Data block →
* * * *

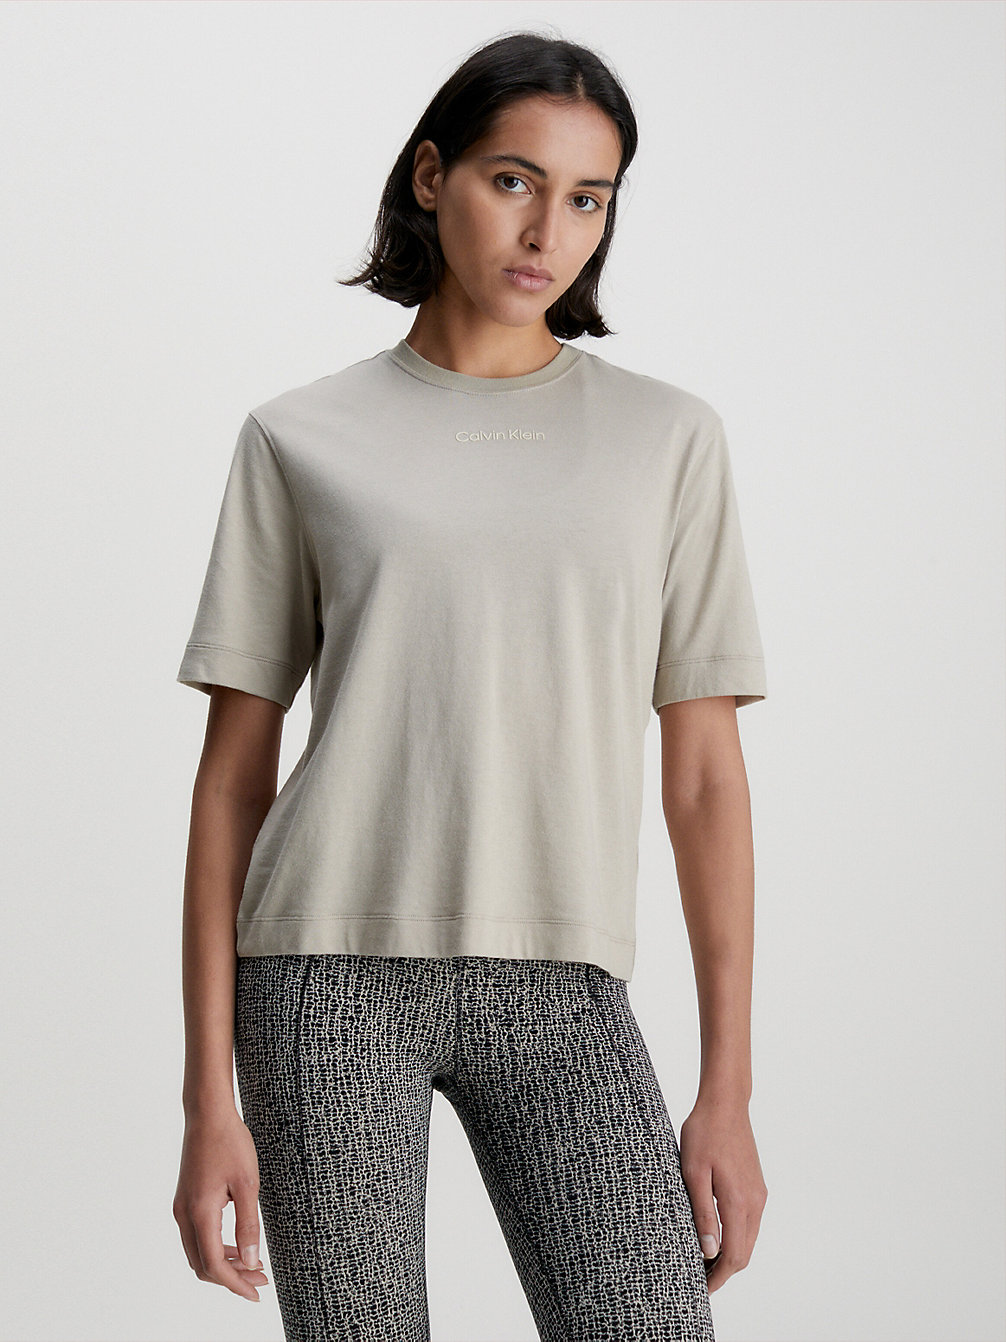 WINTER LINEN > T-Shirt Sportowy > undefined Kobiety - Calvin Klein
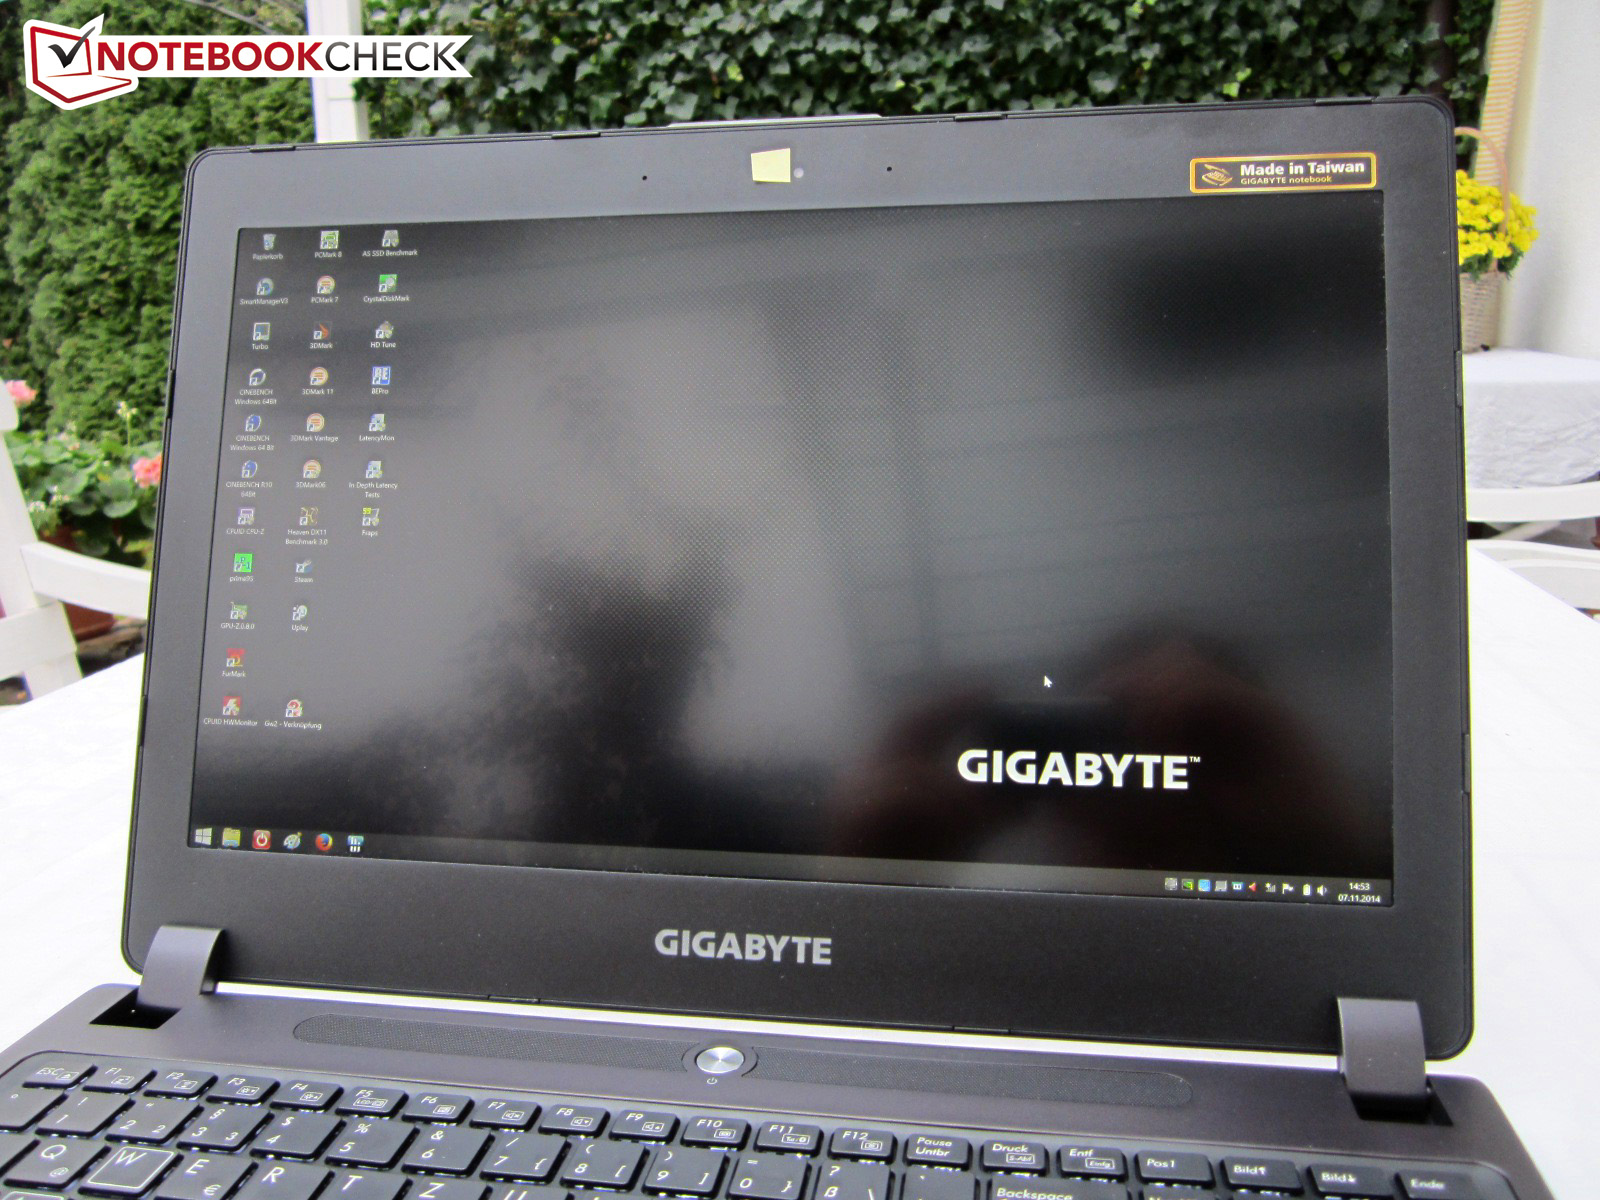 Laptop Colourful Backlit Keyboard for Gigabyte P35X P35X V3 P35X V4 P35X V5 P35X V6 P35X V6-PC4D P35X V6-PC4K4D P35X V7 Greece GK with Black Frame 
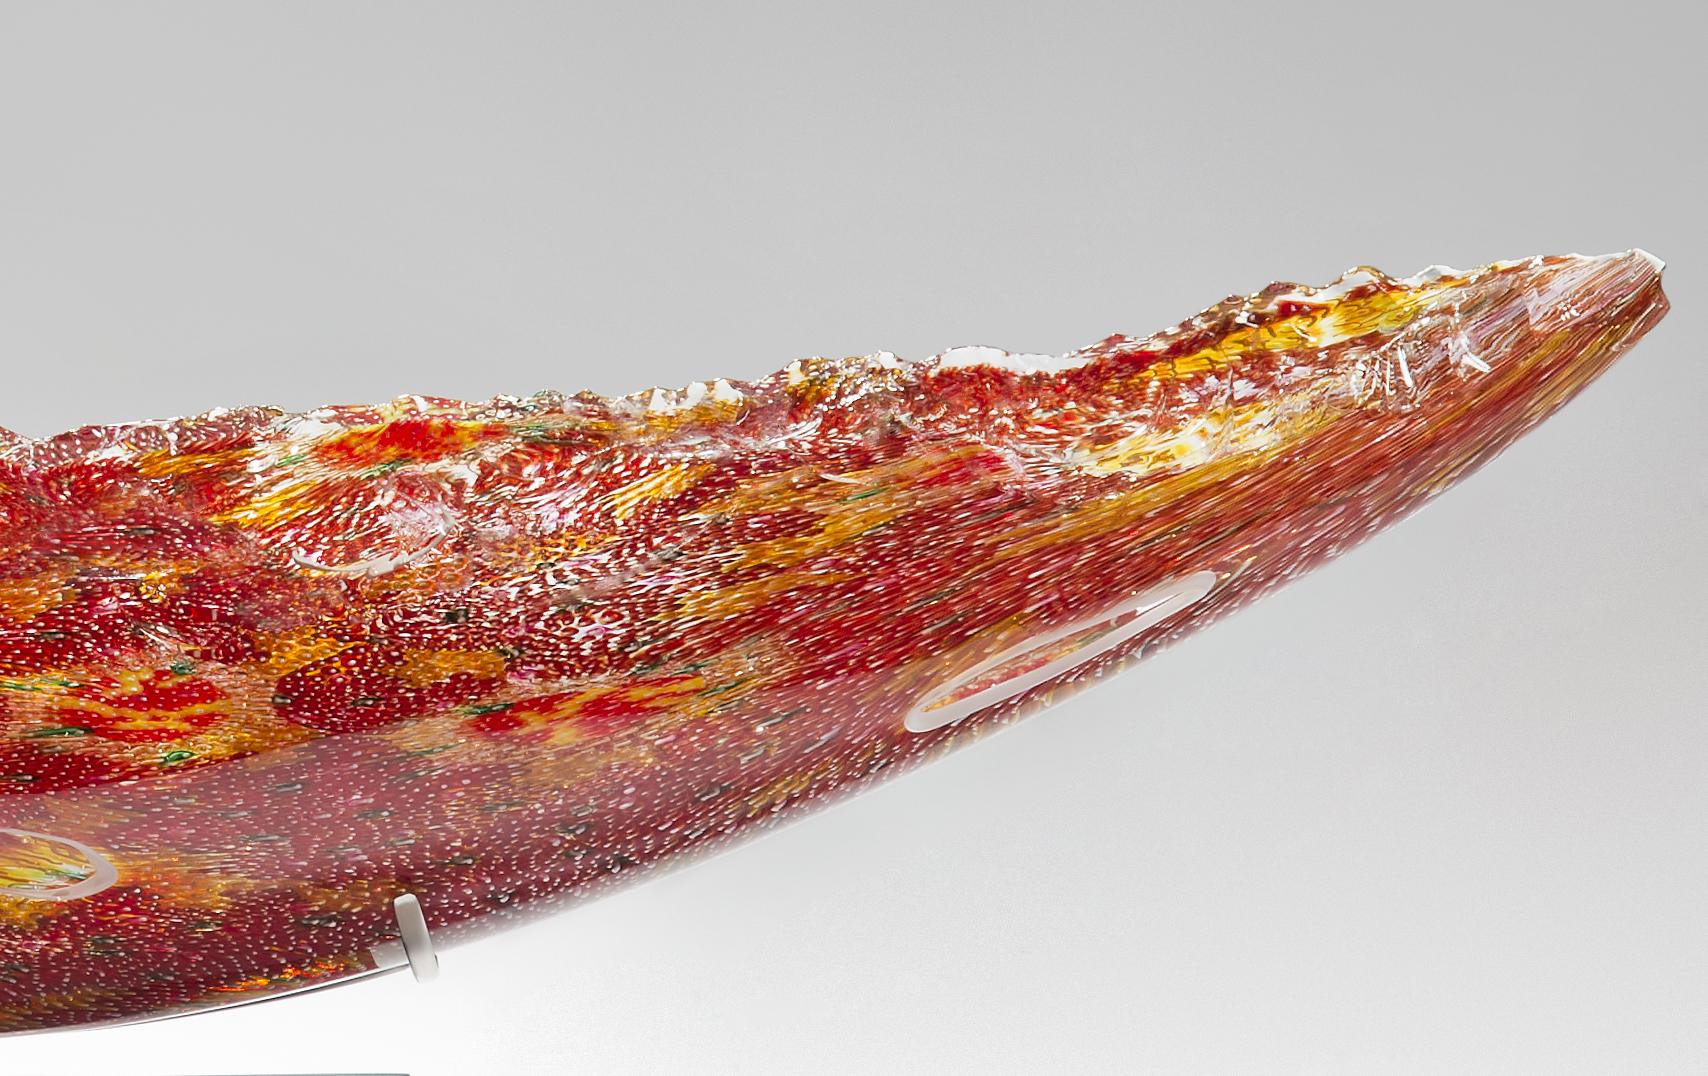 Hand-Crafted Coral Quillon, a Unique Glass Sculpture by James Devereux & David Patchen

* * * *

What to work on → The reply has to reproduce every line above verbatim and contain no pictures.

Response to this task →
 WINTER LINEN > T-Shirt Sportowy > undefined Kobiety - Calvin Klein
 Laptop Colourful Backlit Keyboard for Gigabyte P35X P35X V3 P35X V4 P35X V5 P35X V6 P35X V6-PC4D P35X V6-PC4K4D P35X V7 Greece GK with Black Frame 
 Hand-Crafted Coral Quillon, a Unique Glass Sculpture by James Devereux & David Patchen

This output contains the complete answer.